Groq team,
I think enabling self-service upload of models and subsequent inference against them is critical to the company’s success. Specifically, I am immediately interested in uploading and using custom model weights for public models already hosted by Groq. However, I think Groq should support both public and private model uploads in the long-term:
- Private models could be billed to the customer directly based on bandwidth, size, and inference costs. Groq can schedule these models on hardware based on pre-defined service quotas that can be negotiated with customers. Private model uploads could be fully self-service, aside from quota negotiations that may occur.

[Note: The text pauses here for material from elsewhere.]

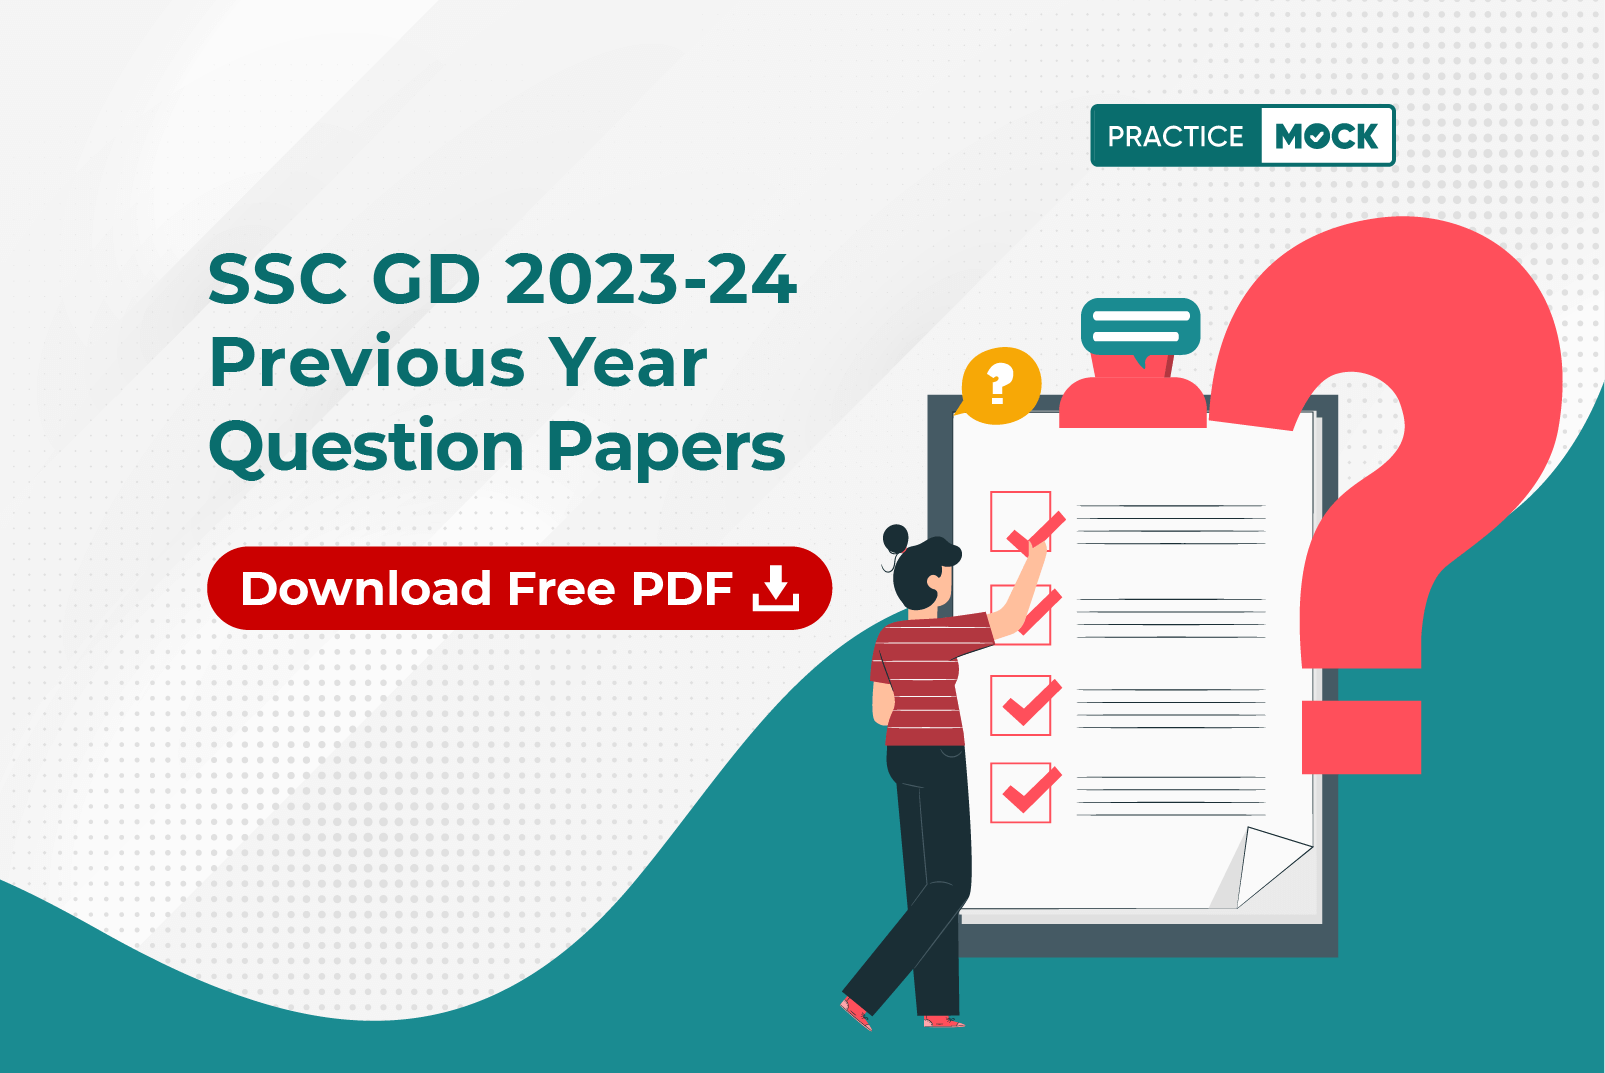 SSC GD Previous Year Question Papers, Download PDF (2)

- Public models could be mostly self-service, but still require application and audit by Groq employees. Having a robust application and audit process can help Groq ensure that duplicative models aren’t being introduced within its ecosystem. Additionally, customers could vote on pending applications for public models to prioritize those most critical to your user base.

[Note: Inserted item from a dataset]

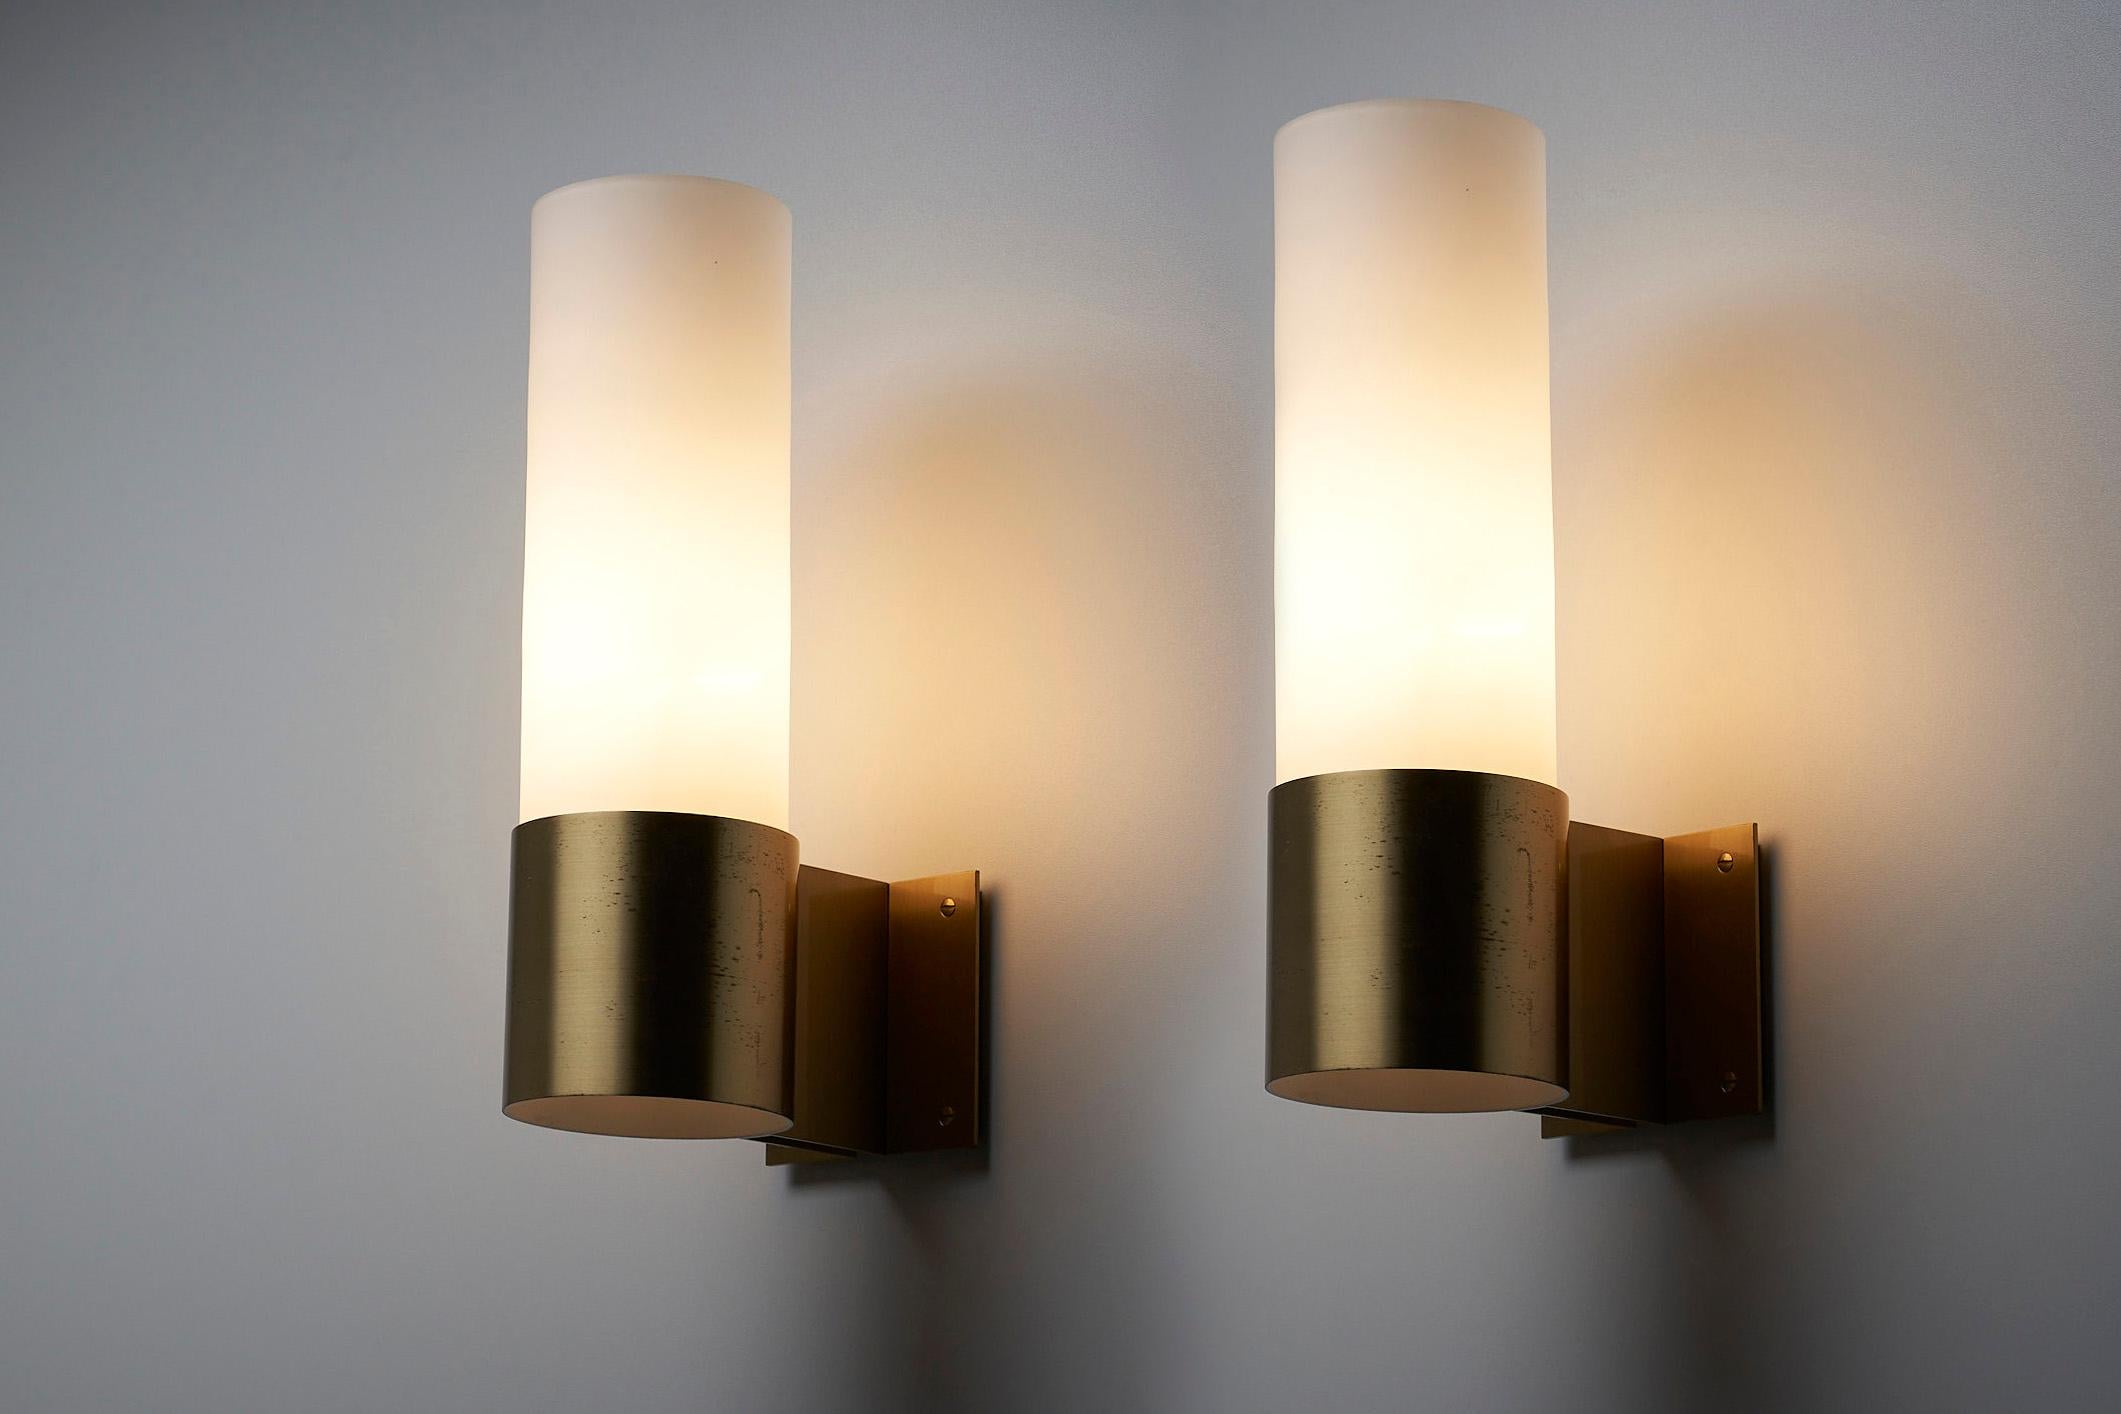 Add a touch of minimalist elegance to your space with the Brass With Glass Wall Sconce by Fog&Mørup, designed by Jorgen Bo in Denmark in 1960. This wall sconce showcases a sleek and refined design that seamlessly combines brass and glass

I think this feature alone represents a 10-100x market opportunity for Groq:
- A serious portion of customers who would generate significant revenue for Groq need platforms that can execute inference for fine-tuned models. Customers with fine-tuned must execute inference on other platforms until Groq provides a mechanism for this.
- Groq supplies significant labor to onboard standard open-source models today, but many customers could outsource these efforts for you. Most of the labor required to onboard new models could be executed by customers.
In my opinion, providing a platform for self-service model weights upload and inference is the most critical step for Groq’s flywheel at this time. Standardizing the onboarding process, such that anyone could upload their own weights (and eventually models), will grow your customer base to critical mass. Everyone requiring AI inference would flock to Groq, given the tokens/sec, latency, and onboarding support only you could provide.
Note: This request is a continuation of an existing feature request from Discord.